简体繁体 English

Amazon EC2 服务器偶尔被冻结

[英]Amazon EC2 Servers getting frozen sporadically

原文 2020-02-01 11:15:58 3 1 amazon-web-services/ amazon-ec2/ ubuntu-16.04/ digital-ocean

I've been working with Amazon EC2 servers for 3+ years and I noticed a recurrent behaviour: some servers get frozen sporadically (between 1 to 5 times by year).我已经使用 Amazon EC2 服务器超过 3 年，我注意到一个反复出现的行为：一些服务器偶尔会被冻结（每年 1 到 5 次）。

When this fact ocurs, I can't connect to server (tried http, mysql and ssh connections) till server be restarted.当这个事实发生时，我无法连接到服务器（尝试过 http、mysql 和 ssh 连接）直到服务器重新启动。
The server back to work after a restart.重启后服务器恢复工作。
Sometimes the server goes online by 6+ months, sometimes the server get frozen about 1 month after a restart.有时服务器上线超过 6 个月，有时服务器在重启后大约 1 个月冻结。
All servers I noticed this behavior were micro instances (North Virginia and Sao Paulo).我注意到这种行为的所有服务器都是微型实例（北弗吉尼亚和圣保罗）。
The servers have an ordinary Apache 2, Mysql 5, PHP 7 environment, with Ubuntu 16 or 18. The PHP/MySQL Web application is not CPU intensive and is not accessed by more than 30 users/hour.服务器具有普通的 Apache 2、Mysql 5、PHP 7 环境，使用 Ubuntu 16 或 18。

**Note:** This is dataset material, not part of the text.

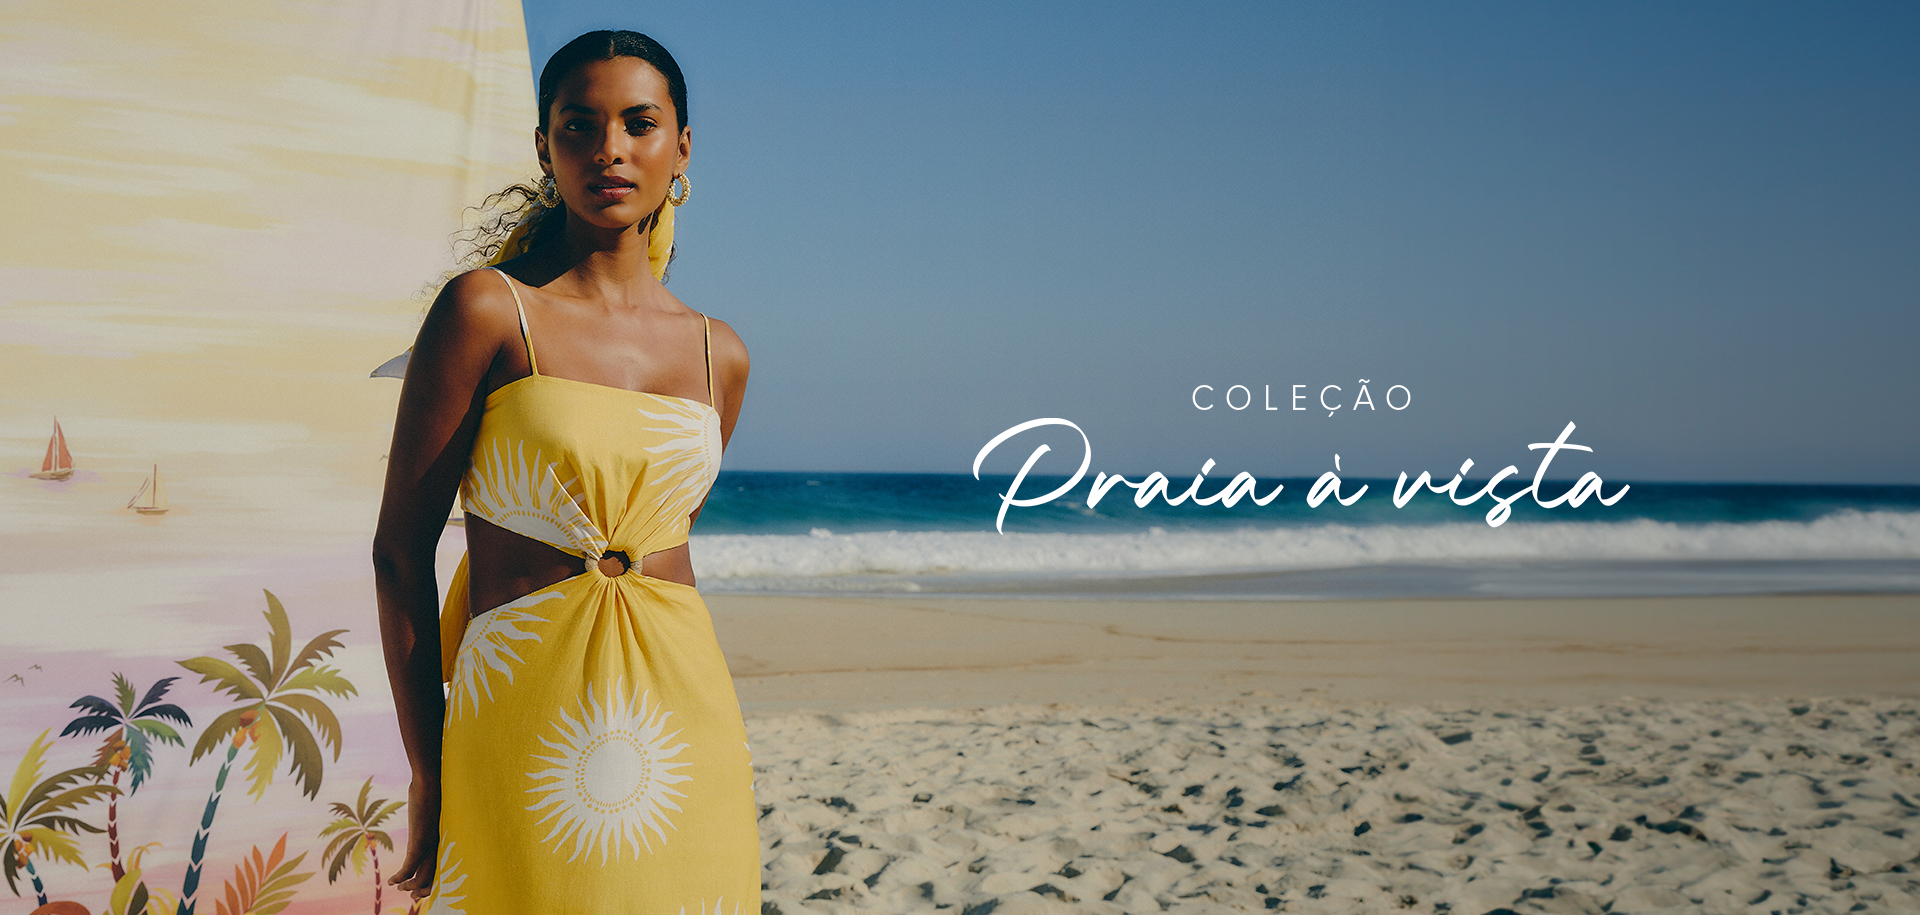 Modelo na praia utilizando vestido com recortes laterais, argola frontal e alça fina, na cor amarela com estampa de sol da coleção praia à vista.

PHP/MySQL Web 应用程序不是 CPU 密集型的，并且不会被超过 30 个用户/小时访问。
The same environment and application on Digital Ocean servers does NOT reproduce the behaviour (I have two digital ocean servers running uninterrupted for 2+ years). Digital Ocean 服务器上的相同环境和应用程序不会重现该行为（我有两台 Digital Ocean 服务器不间断运行 2 年以上）。

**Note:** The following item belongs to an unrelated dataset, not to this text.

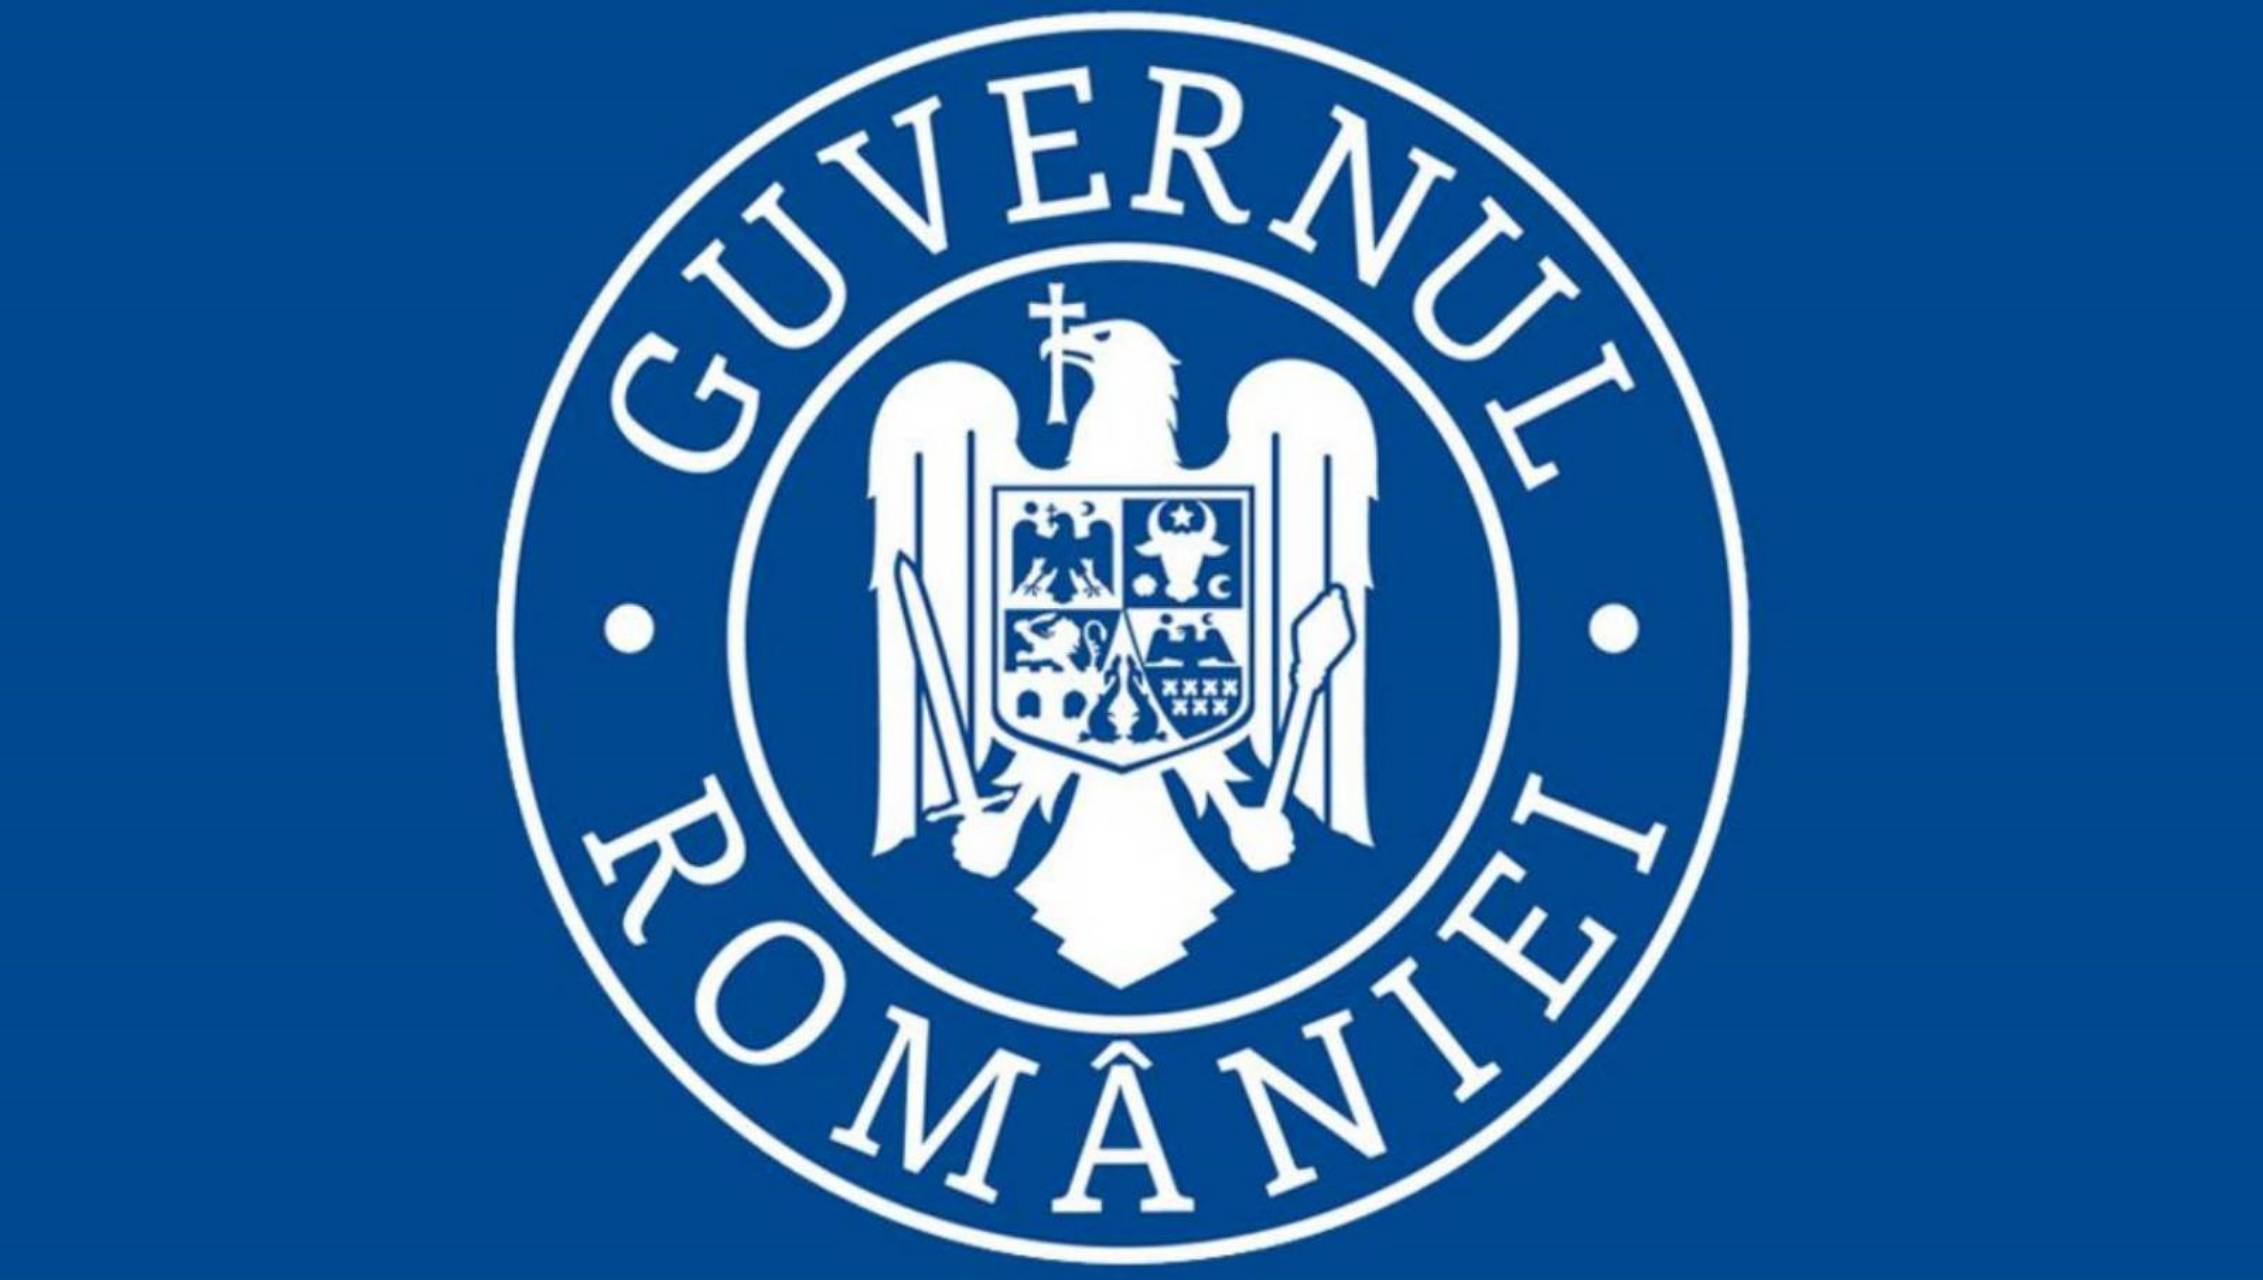 De regering van Roemenië behandelde asymptomatische patiënten thuis

I like Amazon EC2 Servers, mainly because Amazon has a lot of useful additional services (like SES), but this behaviour is really frustating.我喜欢 Amazon EC2 Servers，主要是因为 Amazon 有很多有用的附加服务（比如 SES），但是这种行为真的很令人沮丧。 Sometimes I got customers calls complaining about systems down and I just need an instance restart to solve the problem.有时，我接到客户电话抱怨系统宕机，我只需要重启实例即可解决问题。

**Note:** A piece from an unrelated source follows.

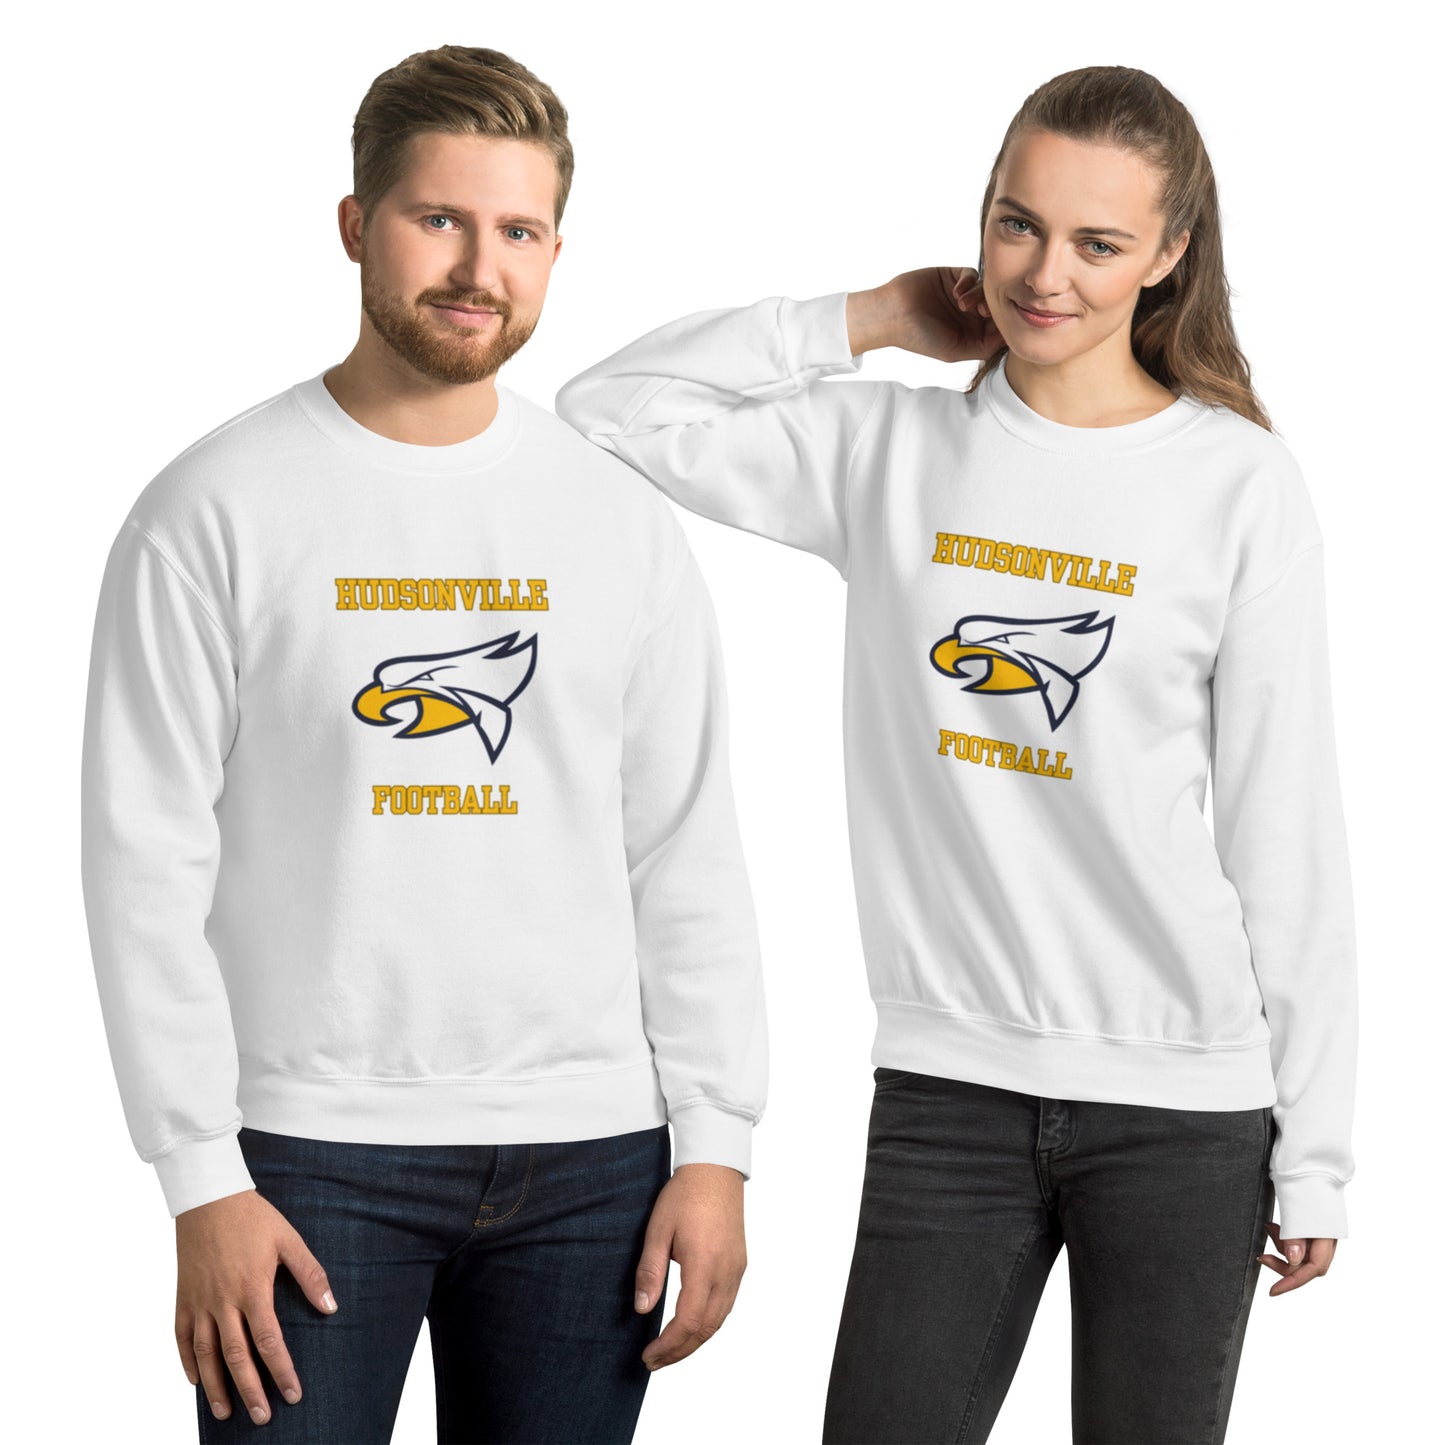 Hudsonville Football Unisex Sweatshirt

Does anybody have a tip about solving this problem?有没有人有解决这个问题的提示？

UPDATE 1更新 1

They are t2.micro instances (1Gb RAM, 1 vCPU).它们是 t2.micro 实例（1Gb RAM，1 个 vCPU）。
MySQL SHOW GLOBAL VARIABLES: pastebin.com/m65ieAAb MySQL 显示全局变量：pastebin.com/m65ieAAb

UPDATE 2更新 2

There is a CPU utilization peak in the logs, near the time when server was down.日志中出现 CPU 使用率峰值，接近服务器停机时间。 It was at 3AM.当时是凌晨 3 点。 At this time there is a daily crontab task to make a database backup.这时候每天有一个crontab任务来做数据库备份。 But, considering this task runs everyday, why just sometimes it would make server get frozen?但是，考虑到这个任务每天都在运行，为什么有时会导致服务器冻结？

1 个解决方案

I have not seen this exact issue, but on any cloud platform I assume any instance can fail at any time, so we design for failure.我还没有看到这个确切的问题，但在任何云平台上，我假设任何实例都可能在任何时候失败，所以我们为失败而设计。 For example we have autoscaling on all customer facing instances.例如，我们对所有面向客户的实例都有自动缩放功能。 Anytime an instance fails, it is automatically replaced.任何时候实例失败，它都会被自动替换。

If a customer is calling to advise you a server is down, you may need to consider more automated methods of monitoring instance health and take automated action to recover the instance.如果客户打电话通知您服务器已关闭，您可能需要考虑使用更自动化的方法来监控实例运行状况并采取自动化操作来恢复实例。

CloudWatch also has server recovery actions available that can be trigger if certain metric thresholds are reached. CloudWatch 还具有可用的服务器恢复操作，如果达到特定指标阈值，可以触发这些操作。